15. There were no hospitals within 5 miles of TMI, but there were several hospitals within the expanded, proposed evacuation zones. The NRC estimated that it would be able to give officials a few hours "lead time" for evacuation. But hospital administrators   estimated they would need substantially more time to evacuate    patients.

16. During the TMI accident, the actual radiation levels outside the plant were low, but there was uncertainty about the possibility of serious releases on short notice. Federal and state officials disagreed about the nature of the information on which to base evacuation decisions and other protective actions during the emergency. Some officials based their decisions on actual radiation exposure levels, while others based their decisions on concerns about potential releases of large amounts of radioactivity. For example, the Pennsylvania Bureau of Radiation Protection told the Governor on Friday that radiation levels indicated that no protective action of any kind was required; on that same morning, NRC Chairman Hendrie recommended that pregnant women and young children be advised to leave the area near the plant because of his concern about possible releases of radioactivity.

17. At approximately 12:30 p.m., March 30, Governor Thornburgh advised pregnant women and preschool aged children to leave the area within a 5-mile radius of TMI until further notice. A substantial number of other persons, including health professionals, voluntarily left the area around the plant during the weekend of March 30 through April 1. The advisory to pregnant women and preschool children was lifted on April 9.

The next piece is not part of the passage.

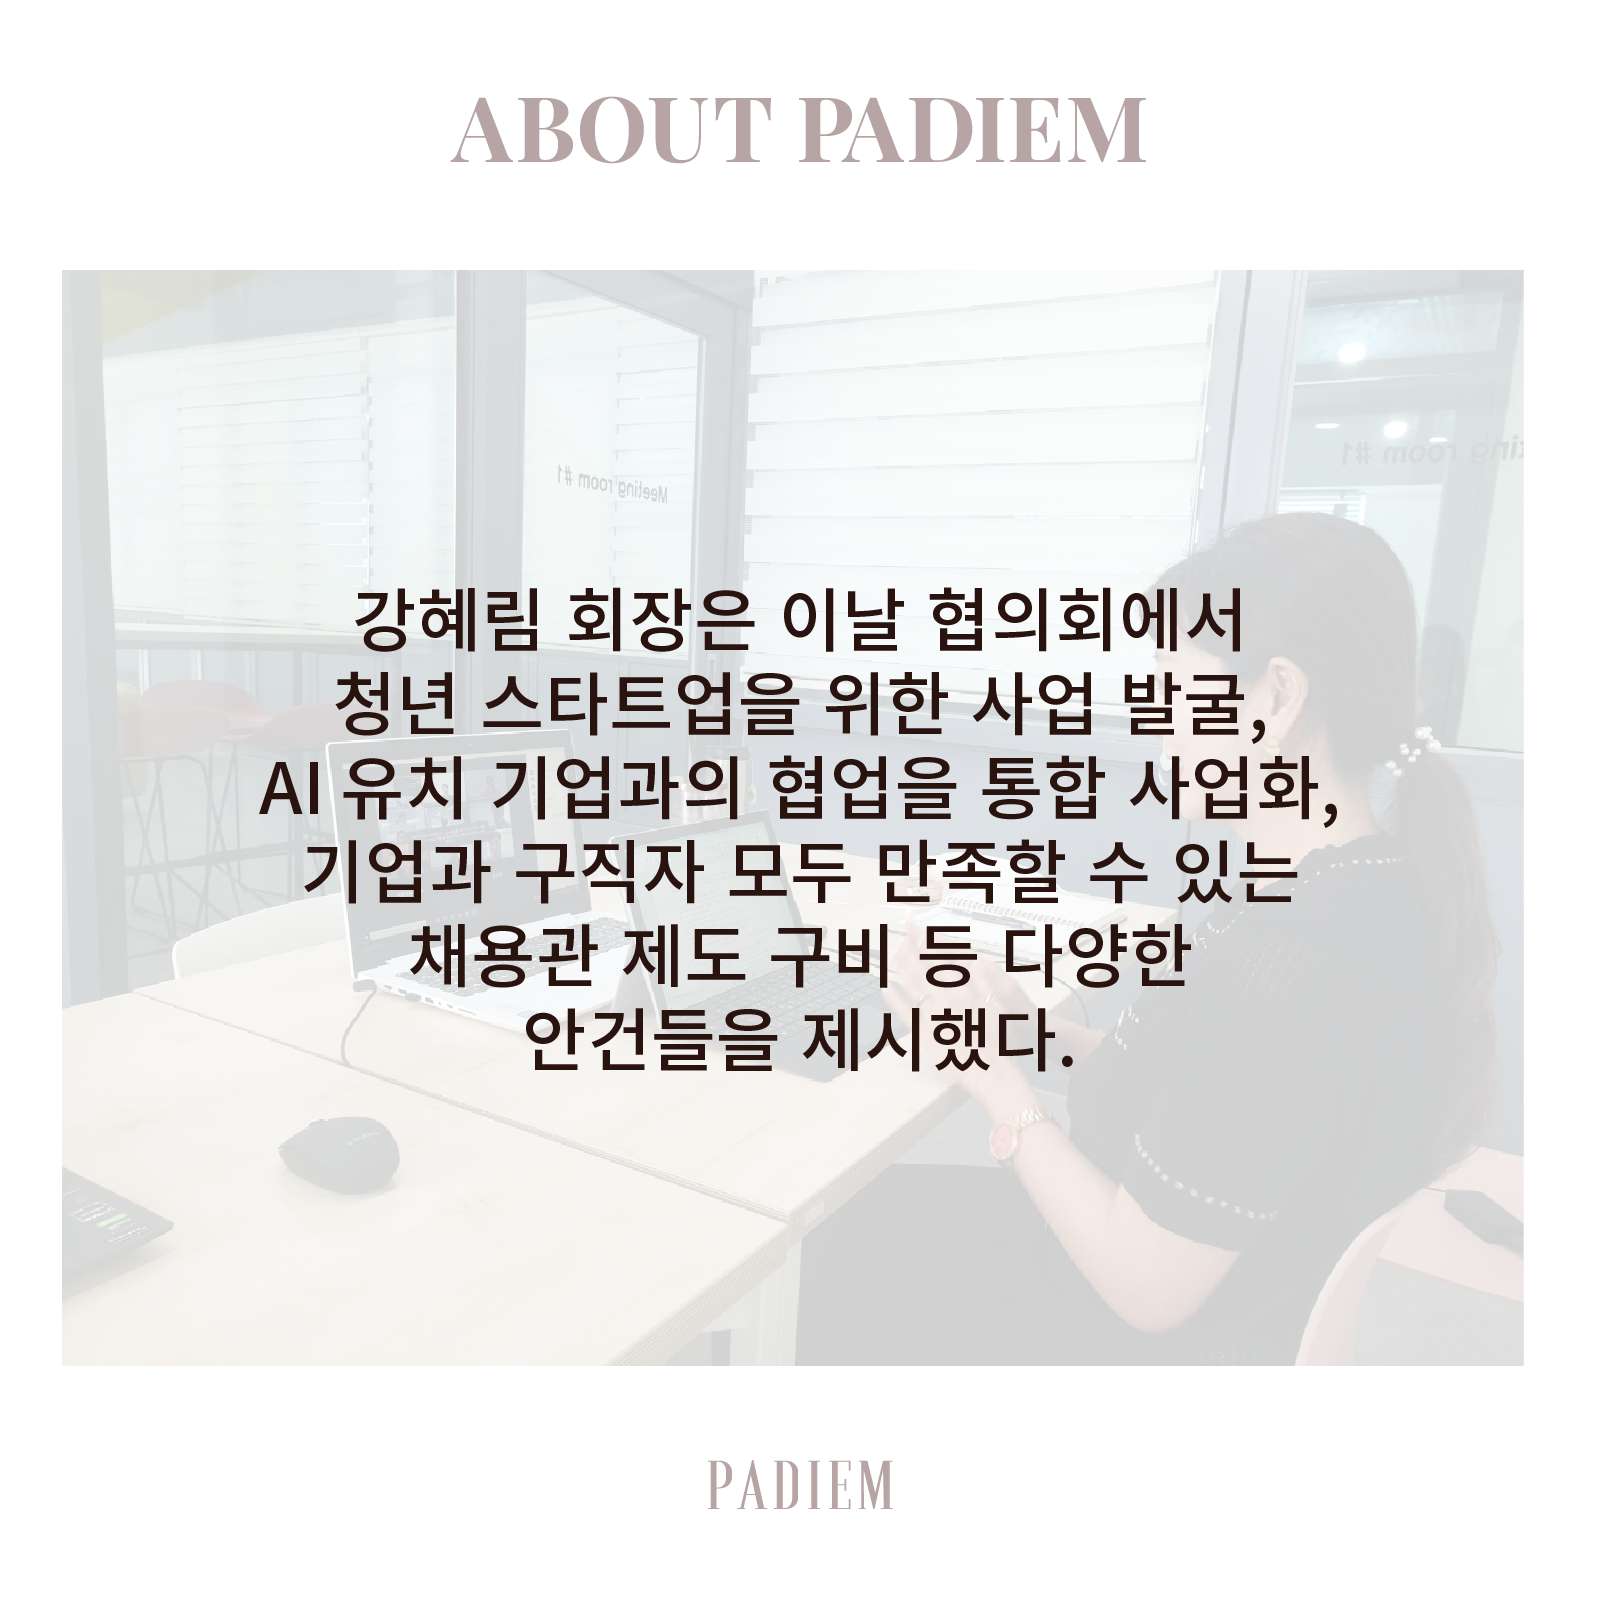 0728_AI협의회3@2x.png

18. Throughout the accident, the Pennsylvania Emergency Management Agency (PEMA) received reports concerning conditions at the site from the Bureau of Radiation Protection. During the first 2 days of the accident, however, the director of PEMA also received background information on the status of the plant from the Governor's office by attending meetings and press conferences and relayed that information to county organizations, which, in turn, informed the local civil defense directors. Starting Saturday, the PEMA director was no longer included in these meetings with the result that PEMA and county and local civil defense organizations had to rely primarily on the news media for information about conditions at the site. They found this an unsatisfactory source of information and believed that this arrangement compromised their effectiveness in responding to the accident.

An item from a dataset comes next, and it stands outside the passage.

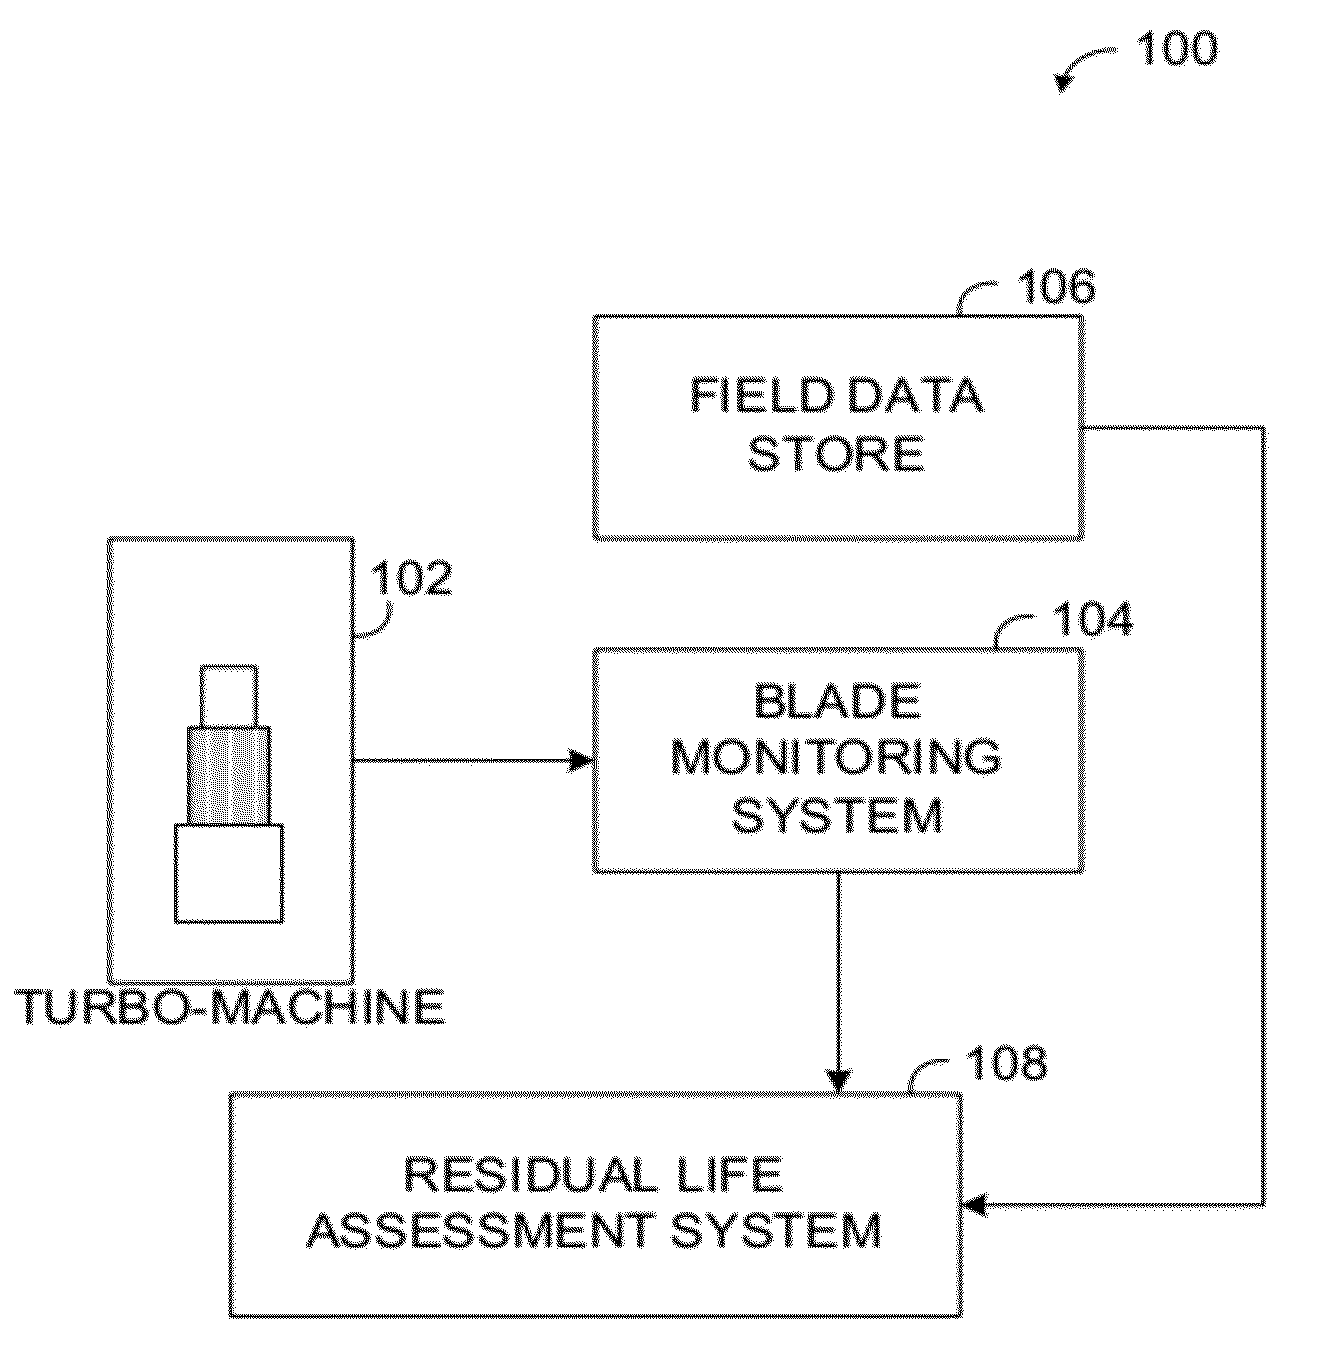 Methods and systems for assessing residual life of turbomachine airfoils

19. The TMI emergency plan did not require the utility to notify state or local health authorities in the event of a radiological accident. (See also finding C.7.)

20. For over 25 years, the use of blocking agents such as potassium iodide to prevent the accumulation of radioiodine in the thyroid gland has been known. The effectiveness of potassium iodide administration for thyroid gland protection in the event of releases of radioiodine was recognized by the National Council on Radiation Protection and Measurement in 1977. The Food and Drug Administration authorized use of potassium iodide as a thyroid-blocking agent for the general public in December 1978. However, at the time of the TMI accident, potassium iodide for this use was not commercially available in the United States in quantities sufficient for the population within a 20-mile radius of TMI. At the time of the accident. Met Ed had no supply of potassium iodide on-site. A crash effort by the federal government and private industry resulted in delivery of substantial supplies of potassium iodide to Pennsylvania within 2 days of the decision to obtain such supplies.